Canada has an opportunity to diversify $12 billion of food and beverage exports to non-U.S. markets to protect against trade disruption, enhance global competitiveness and build a more resilient agriculture and food system. That’s according to a report by Farm Credit Canada (FCC) titled ‘The $12-billion trade shift: Canada’s opportunity to diversify food exports beyond the U.S.’
Canada’s food and beverage sector is heavily reliant on the U.S. as over three-quarters of its exports were destined to the southern neighbour, compared with 31 per cent of primary agricultural products in 2023. In terms of imports, 65 per cent of food and beverage products came from the U.S., compared to 78 per cent for primary agriculture. This reliance leaves Canadian ag and food producers vulnerable to unpredictable trade dynamics. The U.S. economy will always remain a key market for Canadian exports, but the evolving trade landscape underscores the need to diversify to non-U.S. markets.
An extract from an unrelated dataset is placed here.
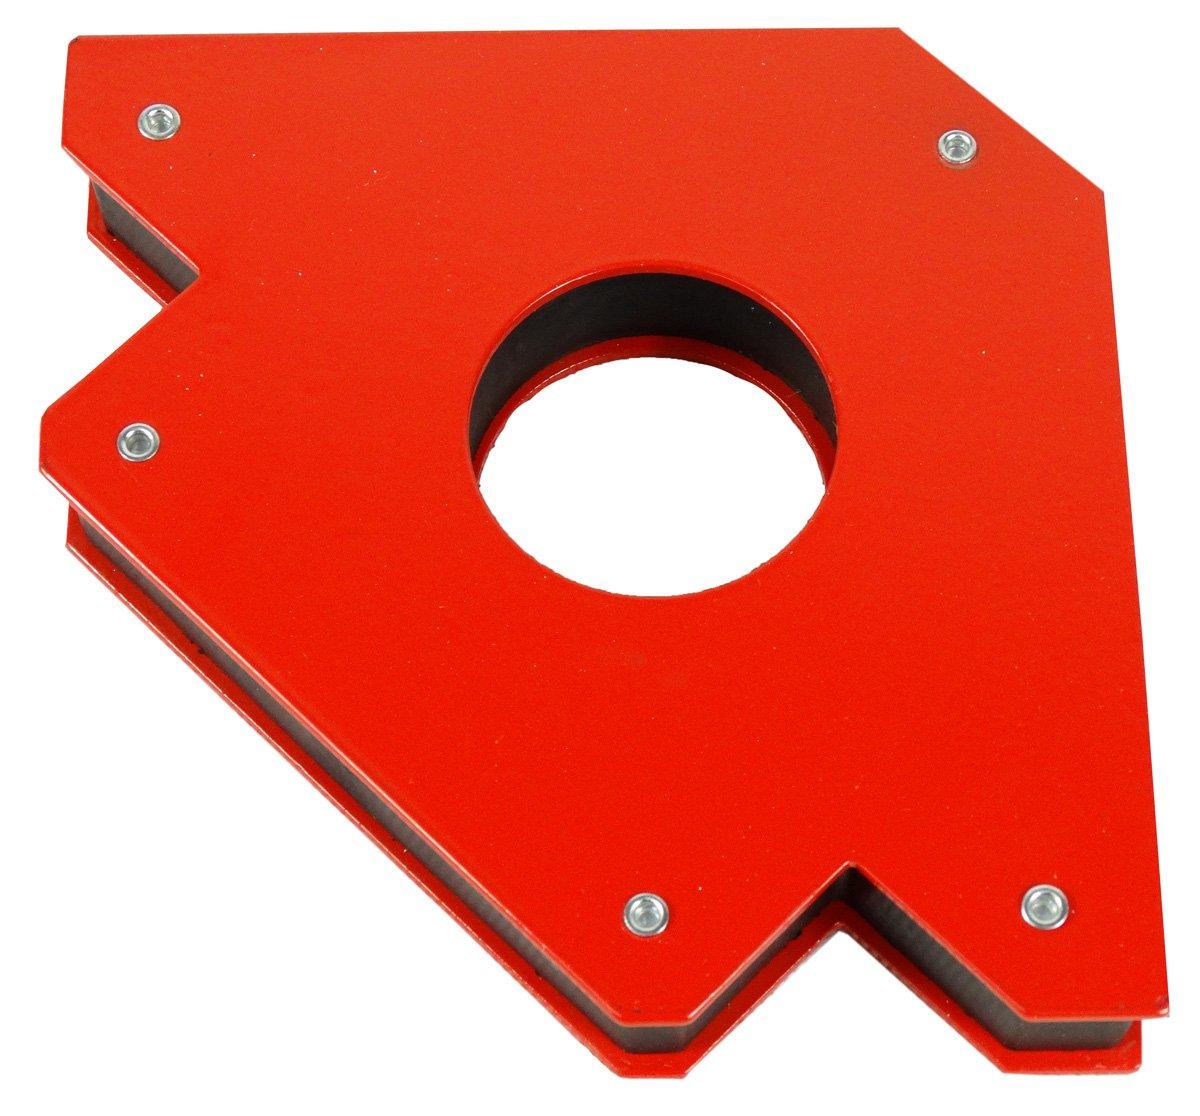 Holder zvárania magnetického uhla 22,5 kg

“Canadian agriculture and food producers rely on international trade to thrive, but ongoing trade disruptions have created uncertainty and barriers to growth. Diversifying food and beverage exports beyond the U.S. will not only strengthen producers’ resilience but also benefit Canadian consumers and the broader economy,” said Justine Hendricks, FCC president and CEO. “This report is FCC’s effort to focus Canadian dialogue on how diversification is important, viable and an opportunity we can’t miss out on.”